Count Your Lucky Stars

Count Your Lucky Stars

On the NPR podcast, “How I Built This,” host Guy Raz interviews successful entrepreneurs about how they built their business. One question he asks everyone is how much of their achievement can be attributed to luck versus knowledge, skills, or perseverance. The answers vary, but one response in particular stuck with me. Kevin Systrom, the co-founder of Instagram, said,

“I have this thesis that the world runs on luck. Everyone gets lucky for some amount in their life. And the question is, are you alert enough to know you’re being lucky or you’re becoming lucky? Are you talented enough to take that advantage and run with it and do you have enough grit, do you have enough resilience to stay with it when it gets hard?”

He goes on to explain that everyone gets lucky in minimal ways all the time. You may find a dollar on the ground or catch a break at work and be placed on an important project. What sets successful people apart, he argues, is they have the optimism to acknowledge their luck and capitalize on it.

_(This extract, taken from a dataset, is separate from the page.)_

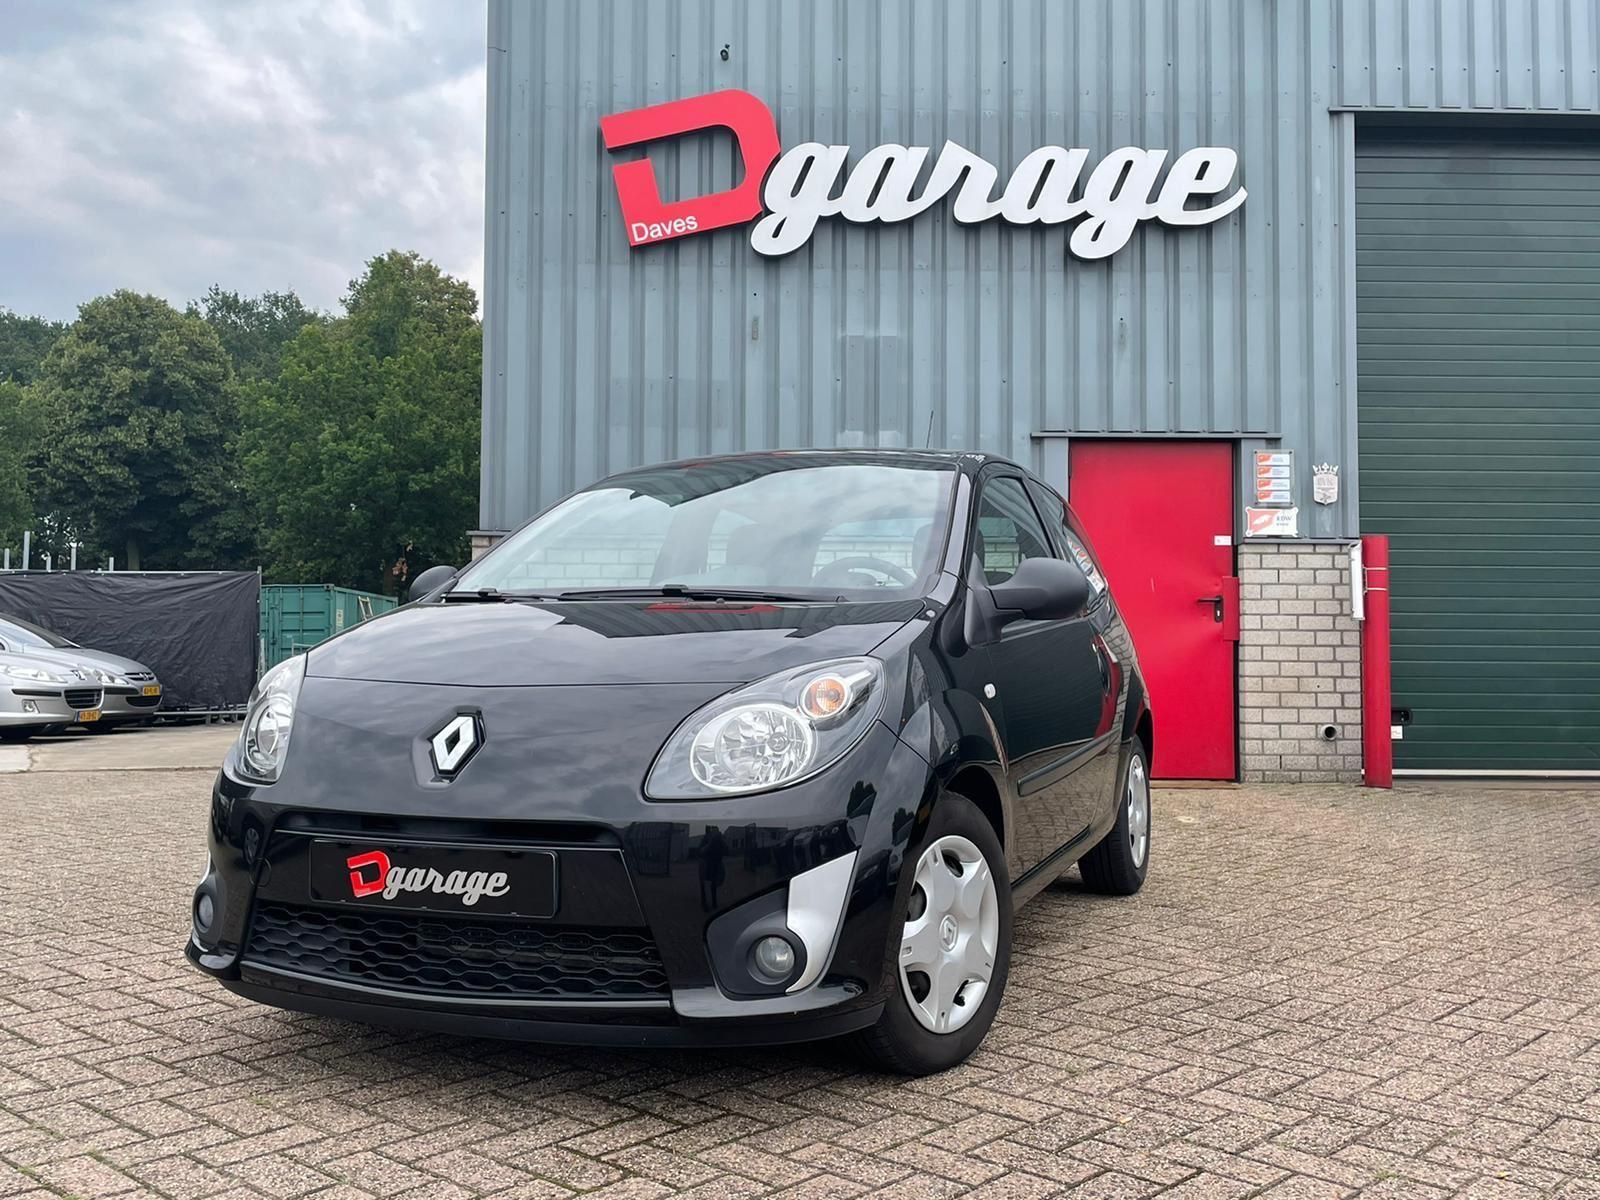 Renault Twingo occasion - Dave's Garage

There is no doubt that the founders of Instagram are highly skilled, hard-working, and resilient entrepreneurs. But their success, as they admit, is due in large part to the chance that they were in the right place at the right time to start their company right at the moment of a technological shift outside of their control. It was the first time in history that people were carrying powerful devices for capturing the world in their pockets at all times. Plus, the quality of cameras on phones was catching up with that of point and shoot cameras. Kevin Systrom and Mike Krieger were lucky enough to meet each other in college and lucky enough to get along well enough to collaborate after school at the same time as this technological shift. Not to mention the luck involved of being born into families and favorable environments that supported their education and enabled them to attend Stanford.

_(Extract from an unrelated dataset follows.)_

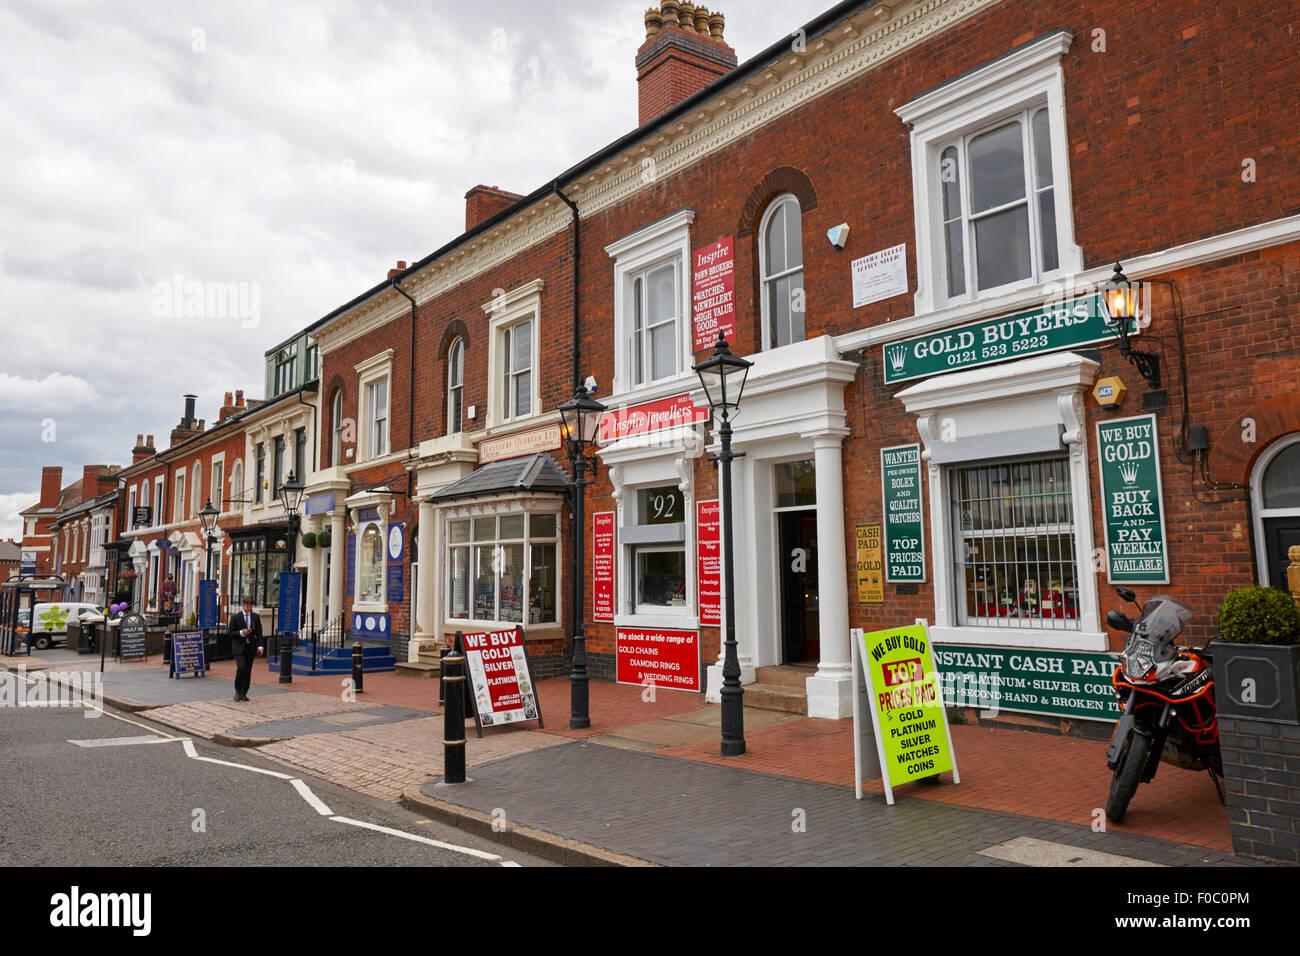 Jewellery Shops On Vyse Street Quarter Birmingham UK

Kevin and Mike say that luck accounted for about 50% of their success. This may not be an inaccurate estimate, given a recent study reported on in Scientific American[1] suggesting that luck and opportunity may play a far greater role in success than we might realize. The report cites the work of risk analyst Nassim Taleb, investment strategist Michael Mauboussin, and economist Robert Frank in suggesting that – when looking at fields such as financial trading, business, sports, art, music, and literature – we miss out on an important piece of what makes people successful if we focus only on personal characteristics.

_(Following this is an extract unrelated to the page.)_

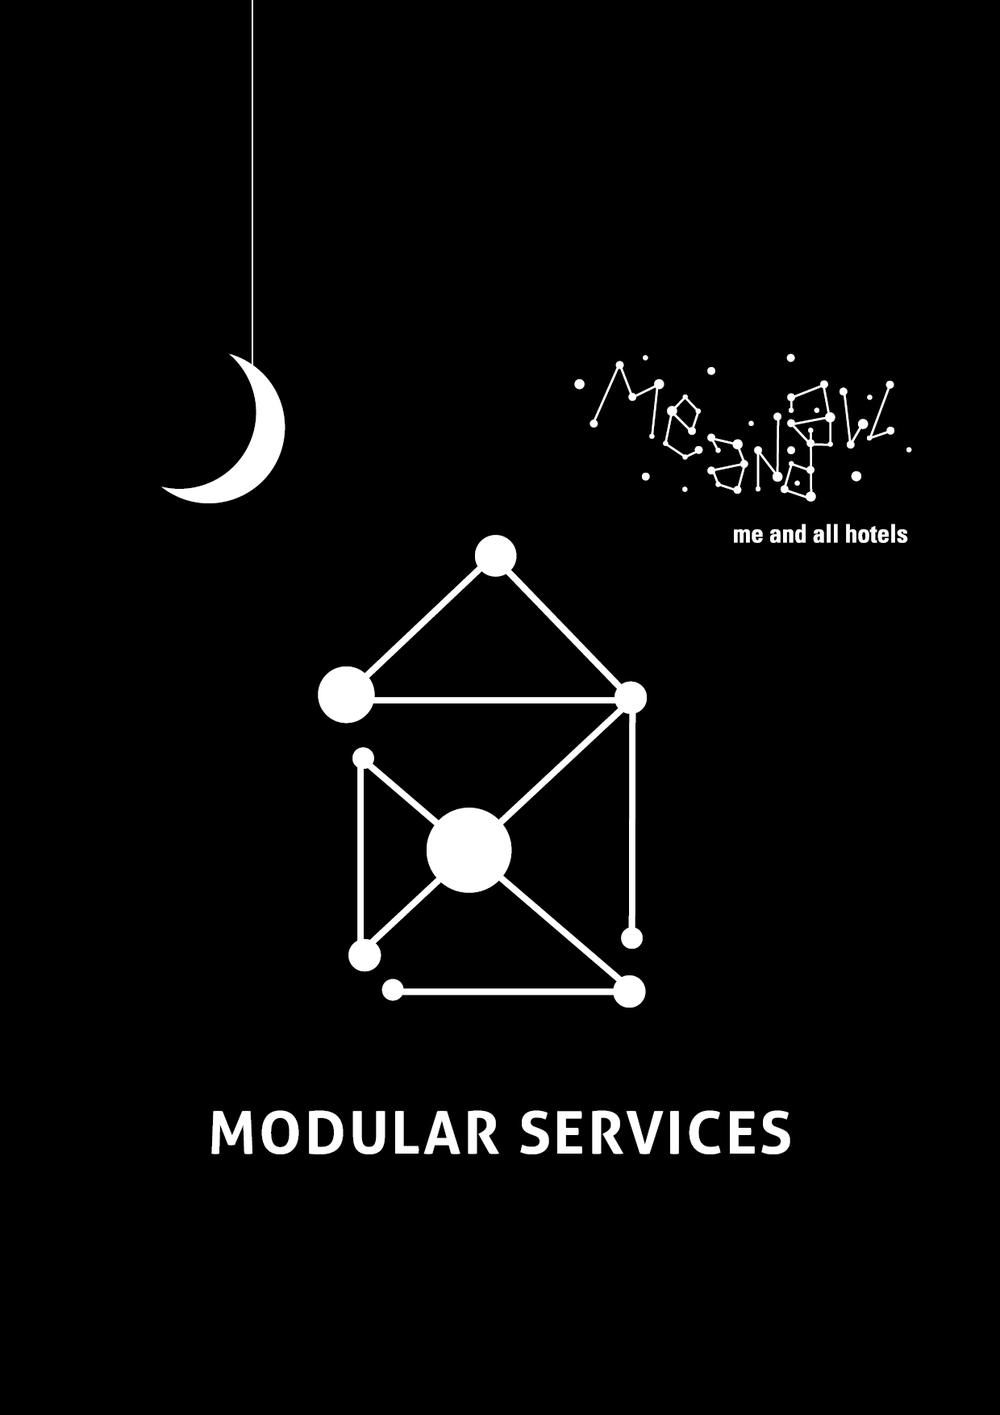 Modularservices bigger

In an attempt to quantify the role of luck in success, a group of Italian researchers conducted a study that simulated the evolution of careers of hypothetical individuals with differing degrees of talent. In the study, talented individuals were given traits such as intelligence, skill, motivation, determination, creative thinking, emotional intelligence, etc. What they found is that “mediocre-but-lucky people were much more successful than more-talented-but-unlucky individuals.” The most successful individuals were only slightly above average in talent, but significantly above average luck.

The economist Robert Frank argues that these findings may have troubling consequences. In an article in The Atlantic[2], Frank contends that the luckiest individuals are the least likely to appreciate their good fortune. He supports this by citing surveys showing that wealthy people “overwhelmingly attribute their own success to hard work rather than factors like luck or being in the right place at the right time.” Frank goes on to offer more evidence showing that those who discount the role of luck in their success end up being less generous and public-spirited, while those who appreciate the role of luck in their lives are much more willing to contribute to the common good.

However, the simple act of gratitude – of recognizing, focusing on, and appreciating our own luck – may increase our generosity and sense of wellbeing. Frank cites studies showing that “newly grateful” individuals – those who were prompted to undergo gratitude exercises – were 25% more generous to strangers than the control group. Additionally, recognizing our luck and practicing gratitude for our fortune leads to significantly positive physical and psychological changes within us that may increase our luck even more.

The philosophy of Kevin and Mike together with these academic findings present a reassuring scenario. Personally, I enjoy the affirmation that I have agency in my life. Knowing that my hard work and perseverance contribute to my success certainly helps get me out of bed in the morning (that and a hungry and crying six-month old baby). This understanding gives me the drive and perseverance to cultivate creative thinking, develop emotional intelligence, and improve my skillset so that I am prepared to take advantage of any fortuitous opportunities. I’m also reminded that I’m an extremely lucky individual. I’m reminded to be grateful for the good fortune of being born where and when I was, for the education afforded to me, and for the countless chance encounters and fortuitous opportunities I’ve been lucky enough to experience. I’m reminded, even, to be grateful for the bad luck in my life, without which I wouldn’t have learned valuable, behavior-changing lessons. Finally, the presence, self-awareness, and optimism that is required to know that you’re becoming lucky and understand how to capitalize on that luck, is a worthy characteristic to strive for.

With that, I wish you all good luck!